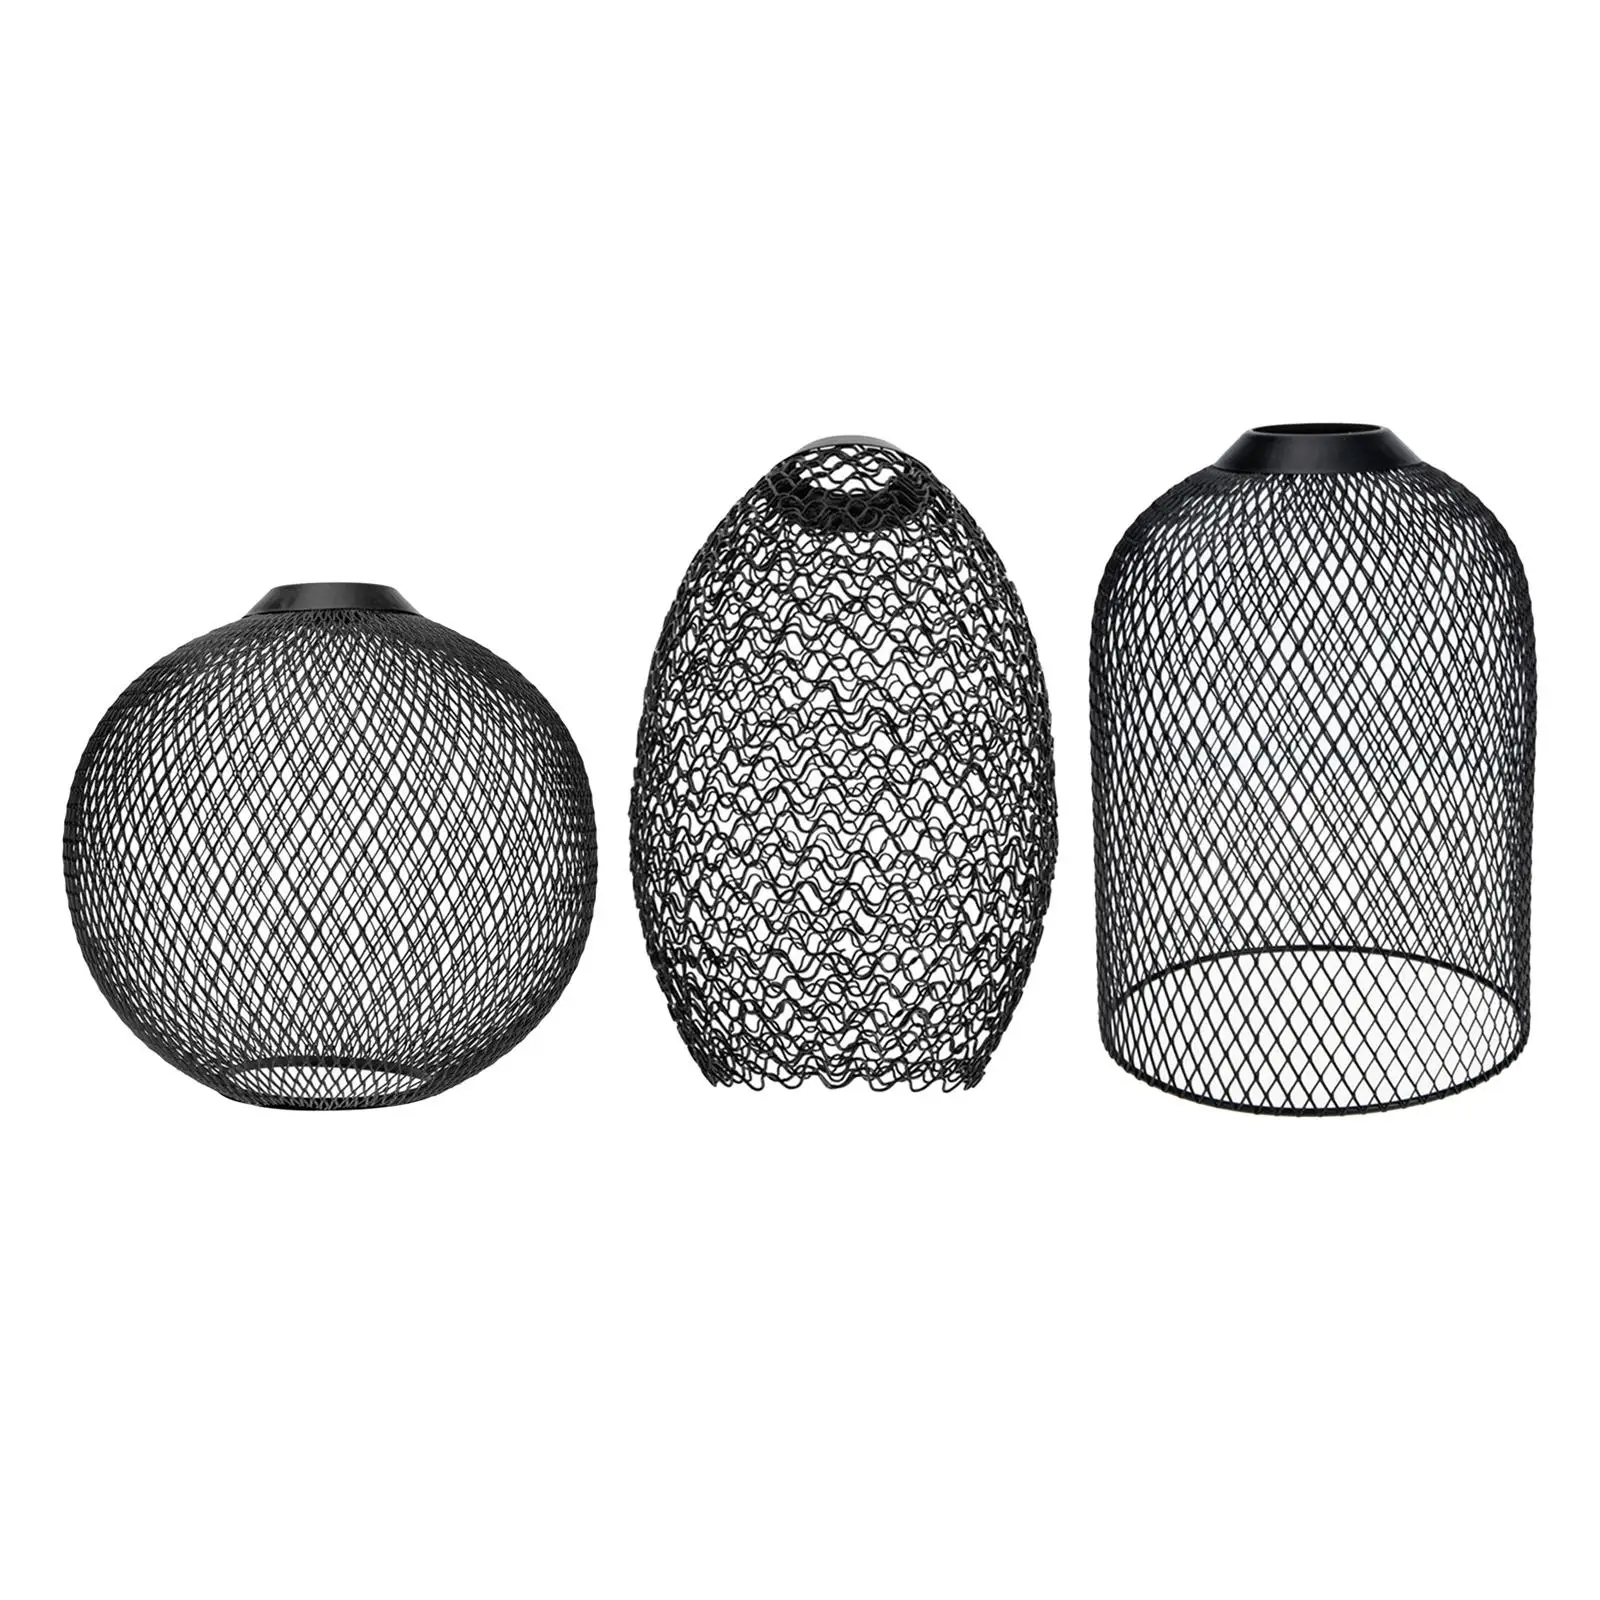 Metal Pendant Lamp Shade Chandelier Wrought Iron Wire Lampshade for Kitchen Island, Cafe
* * *
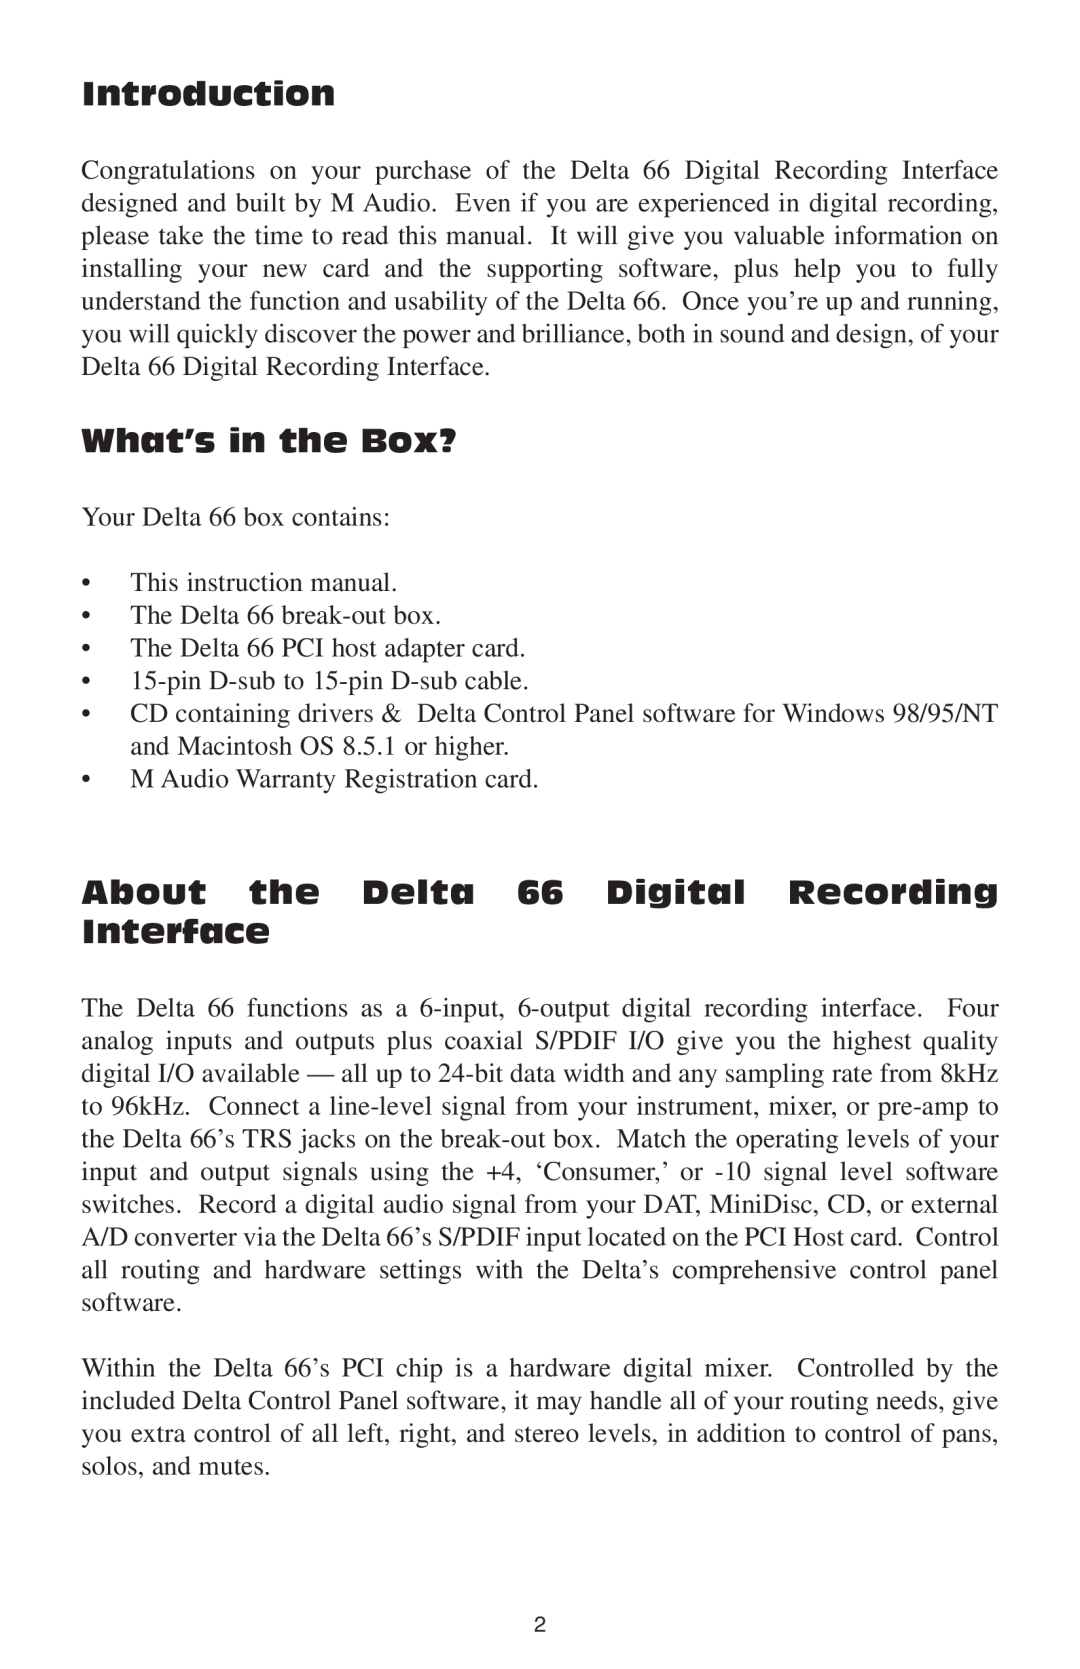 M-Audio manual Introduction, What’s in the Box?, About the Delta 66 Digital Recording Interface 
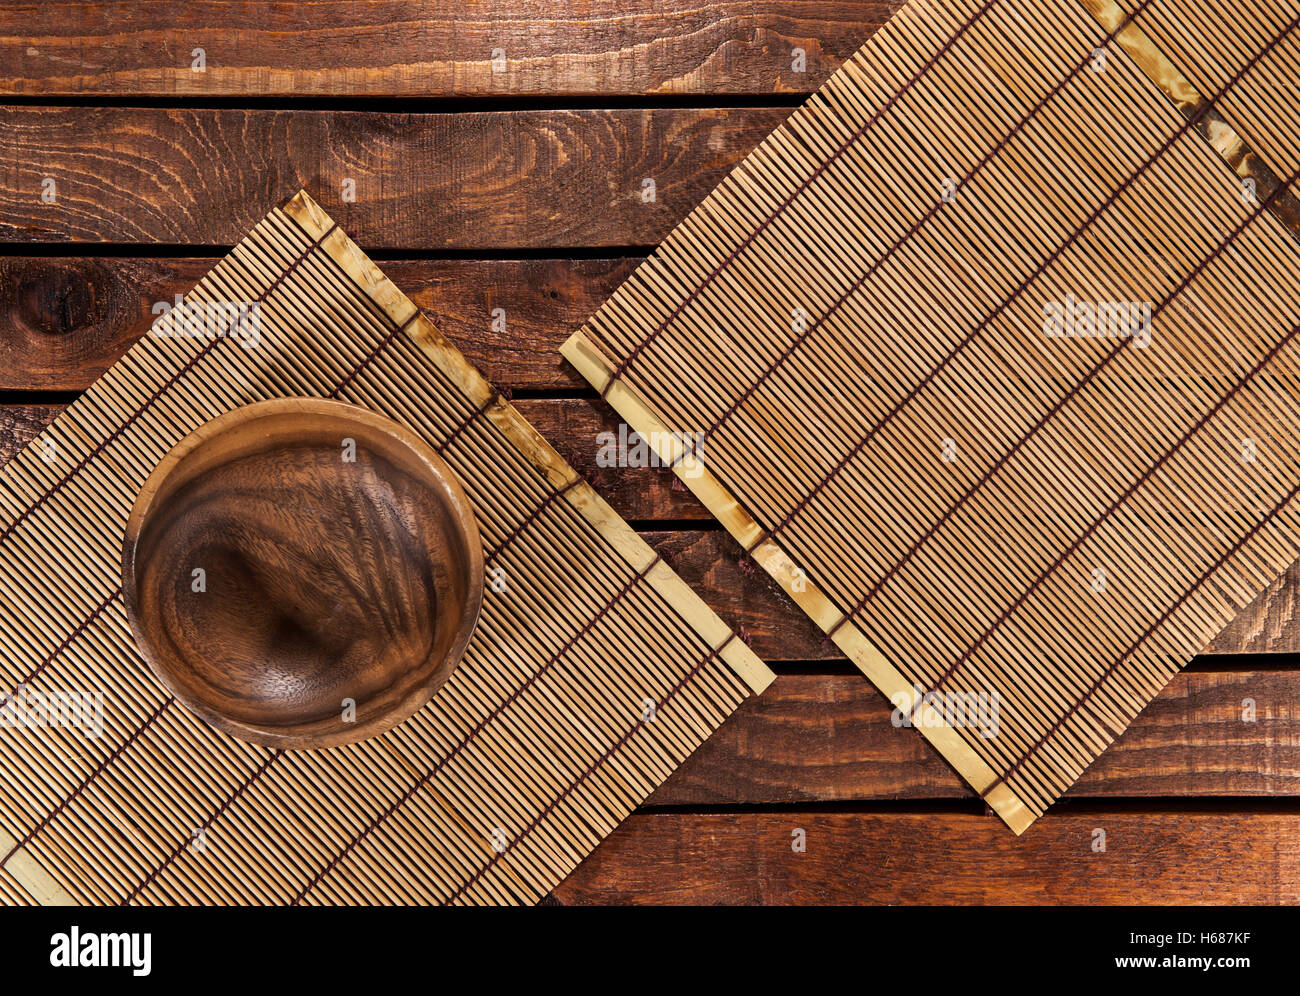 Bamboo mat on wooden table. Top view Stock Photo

Task prompt
In the records above, everything from the line with "M-Audio manual Introduction, What’s" down to the line with "Bamboo mat on" is to be set down exactly, both ends included, with no pictures and no other lines.

Answer box
 M-Audio manual Introduction, What’s in the Box?, About the Delta 66 Digital Recording Interface 
 Bamboo mat on wooden table. Top view Stock Photo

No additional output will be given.